Information provided:
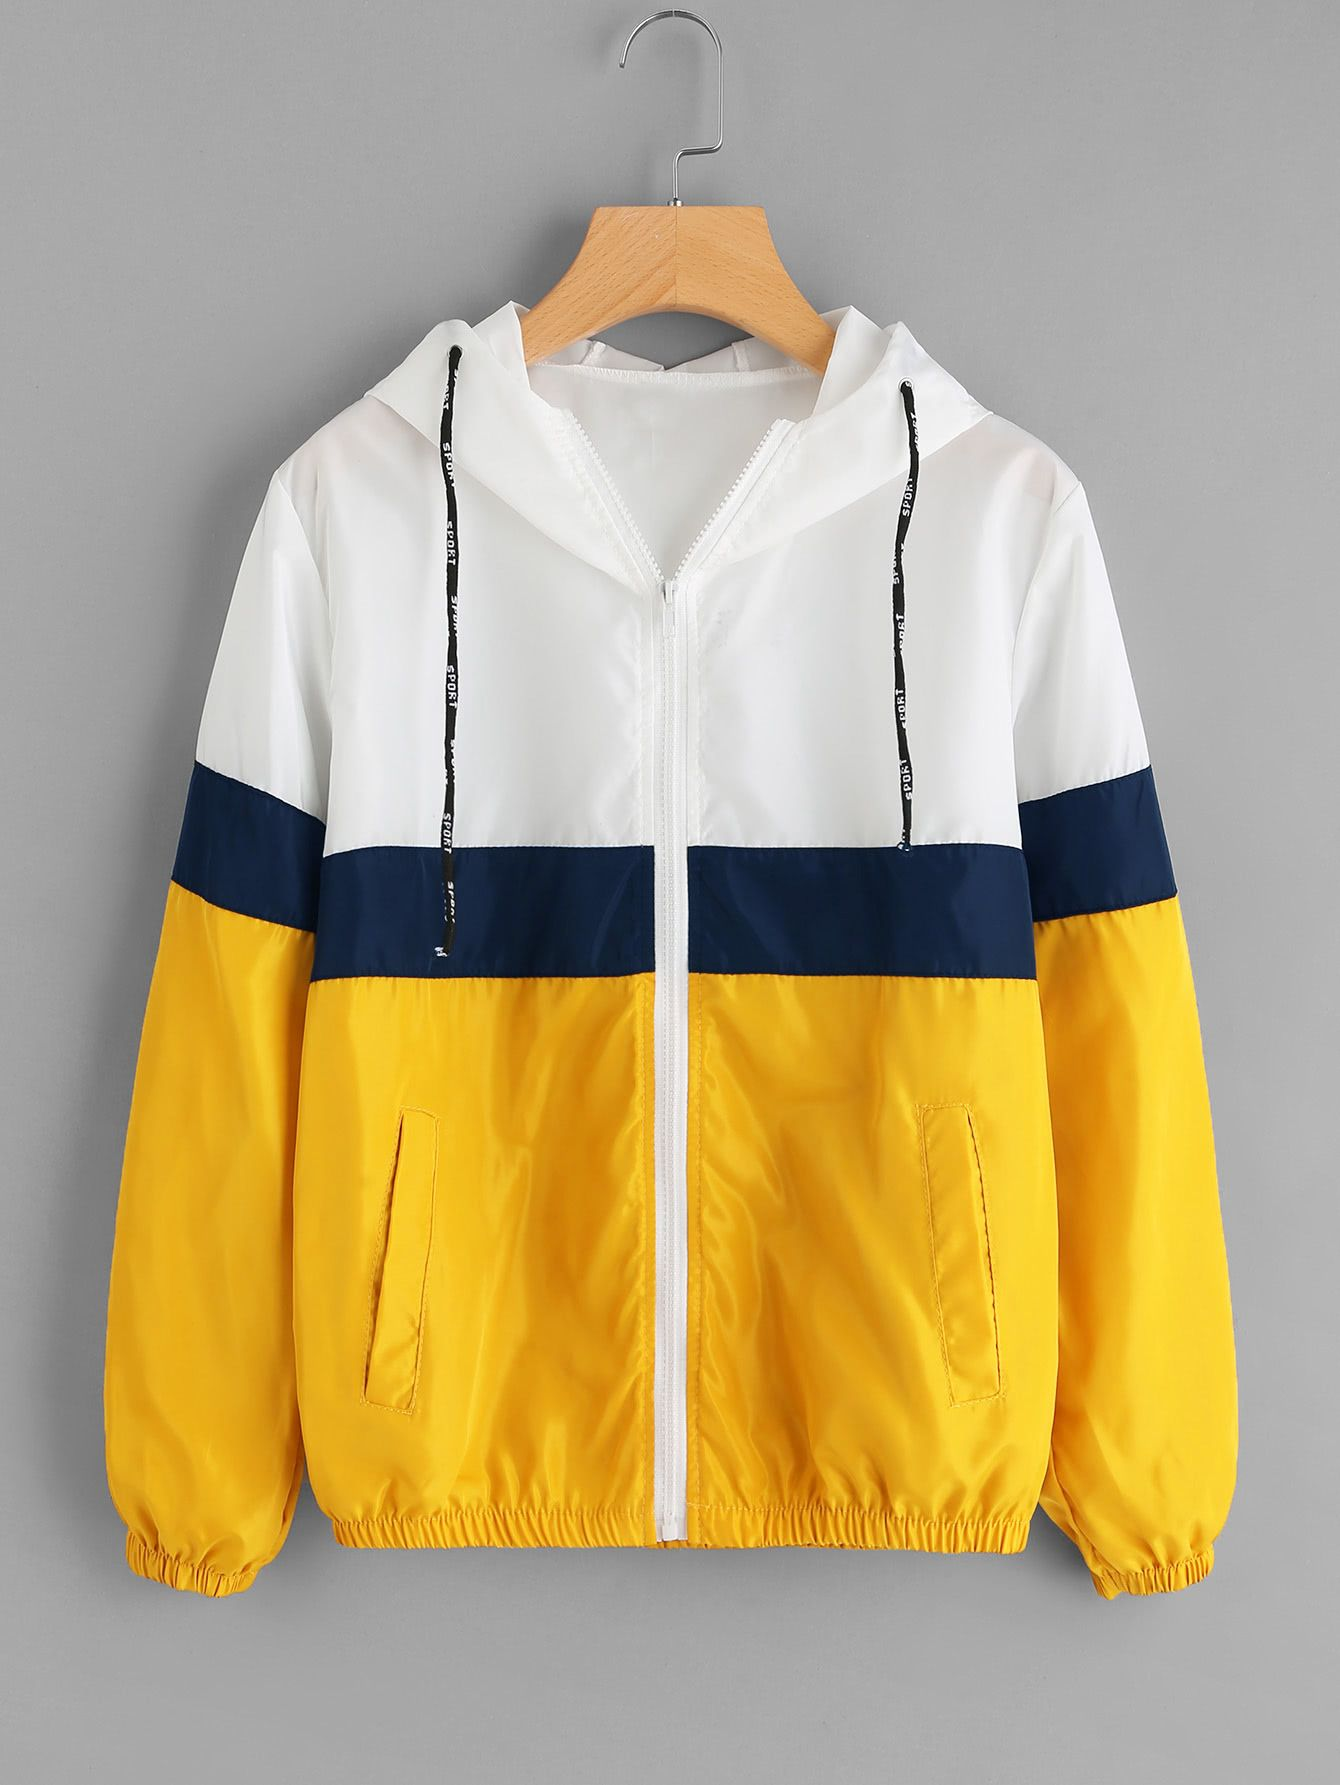 38de12cefe0395 Shop Color Block Elastic Waist Drawstring Jacket online. SheIn offers Color  Block Elastic Waist Drawstring Jacket & more to fit your fashionable needs.
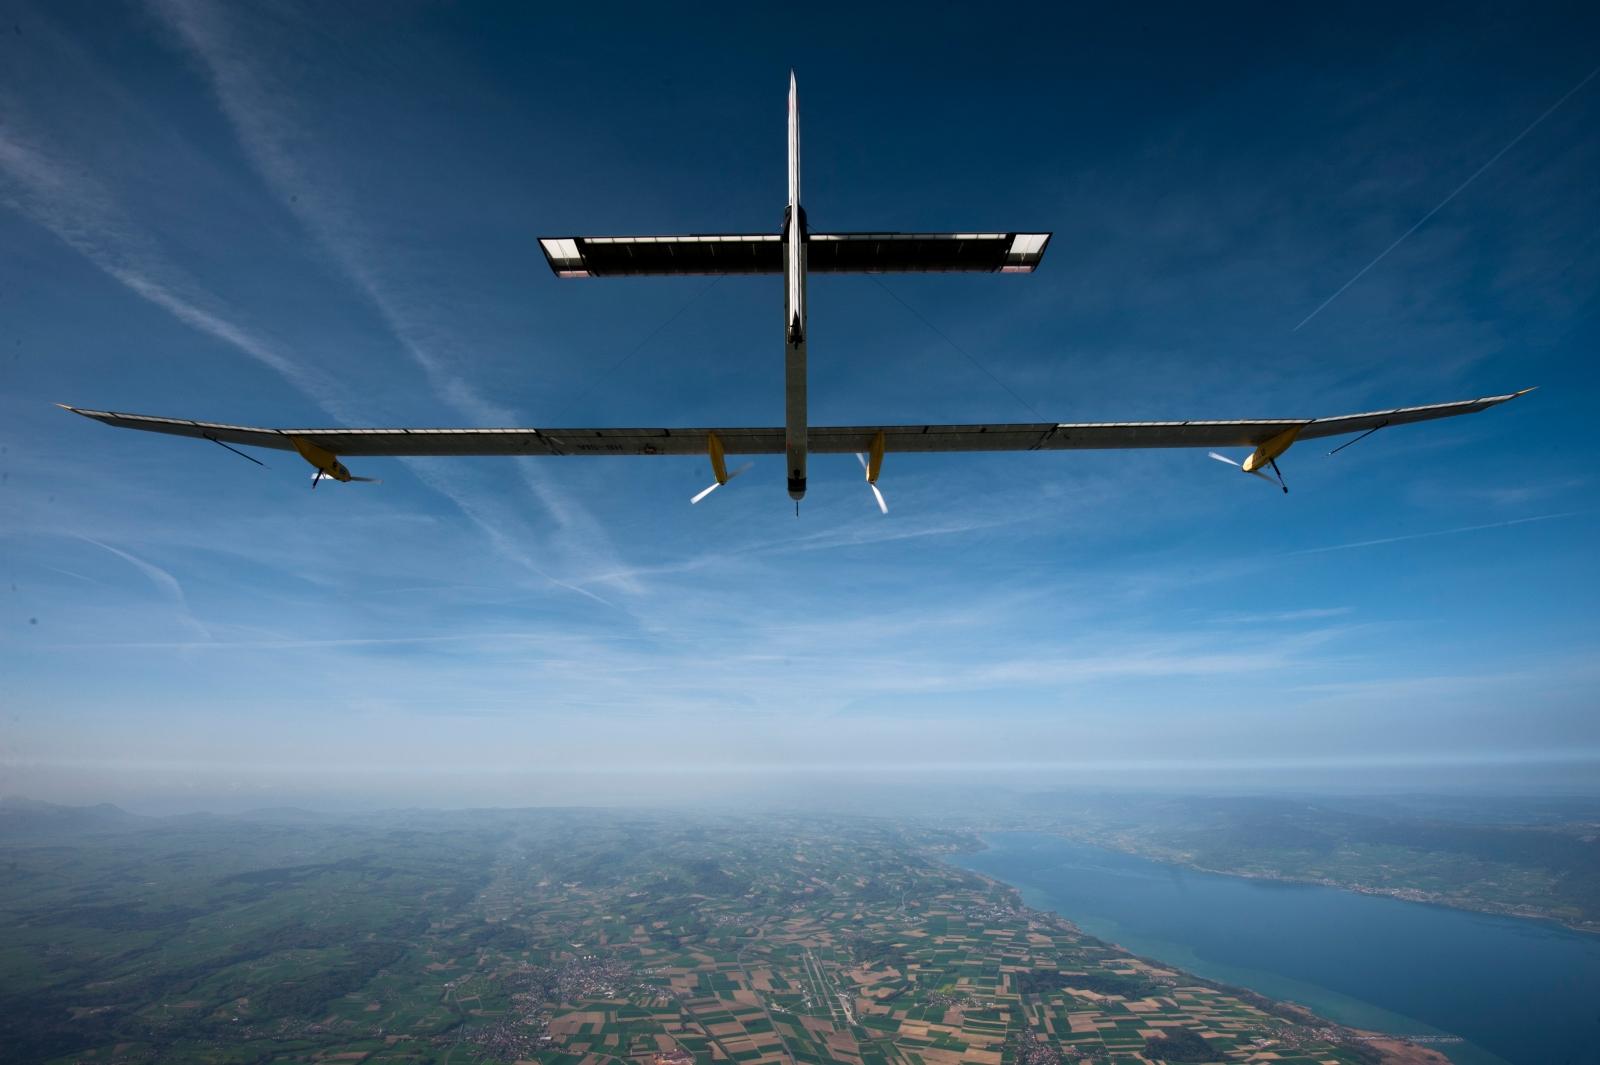 First round-the-world solar flight to take off next month
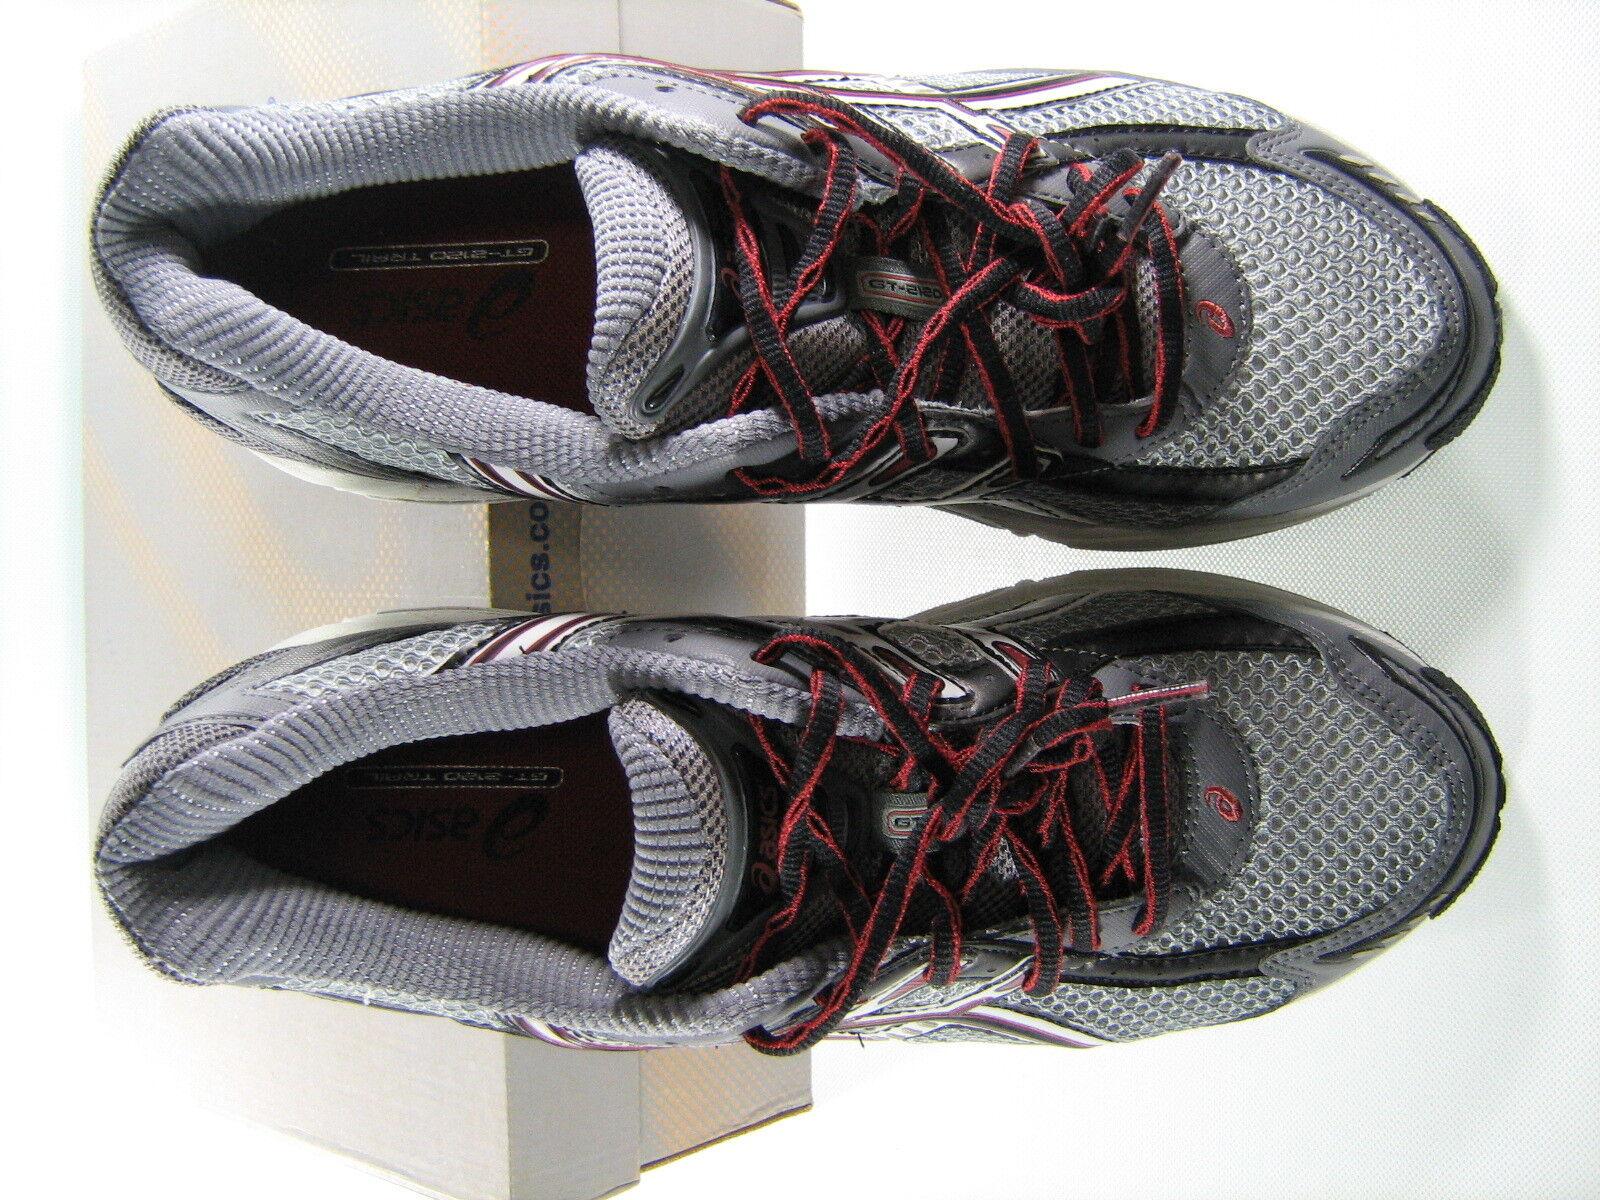 TENNIS Chaussures ASICS TN709 Gt2120 TRAIL 10 MEDIUM 9.544 EU SNEAKERS SPORT

Required action: With the pictures left out, return the listing above exactly as it stands.

Answer space:
 38de12cefe0395 Shop Color Block Elastic Waist Drawstring Jacket online. SheIn offers Color  Block Elastic Waist Drawstring Jacket & more to fit your fashionable needs.
 First round-the-world solar flight to take off next month
 TENNIS Chaussures ASICS TN709 Gt2120 TRAIL 10 MEDIUM 9.544 EU SNEAKERS SPORT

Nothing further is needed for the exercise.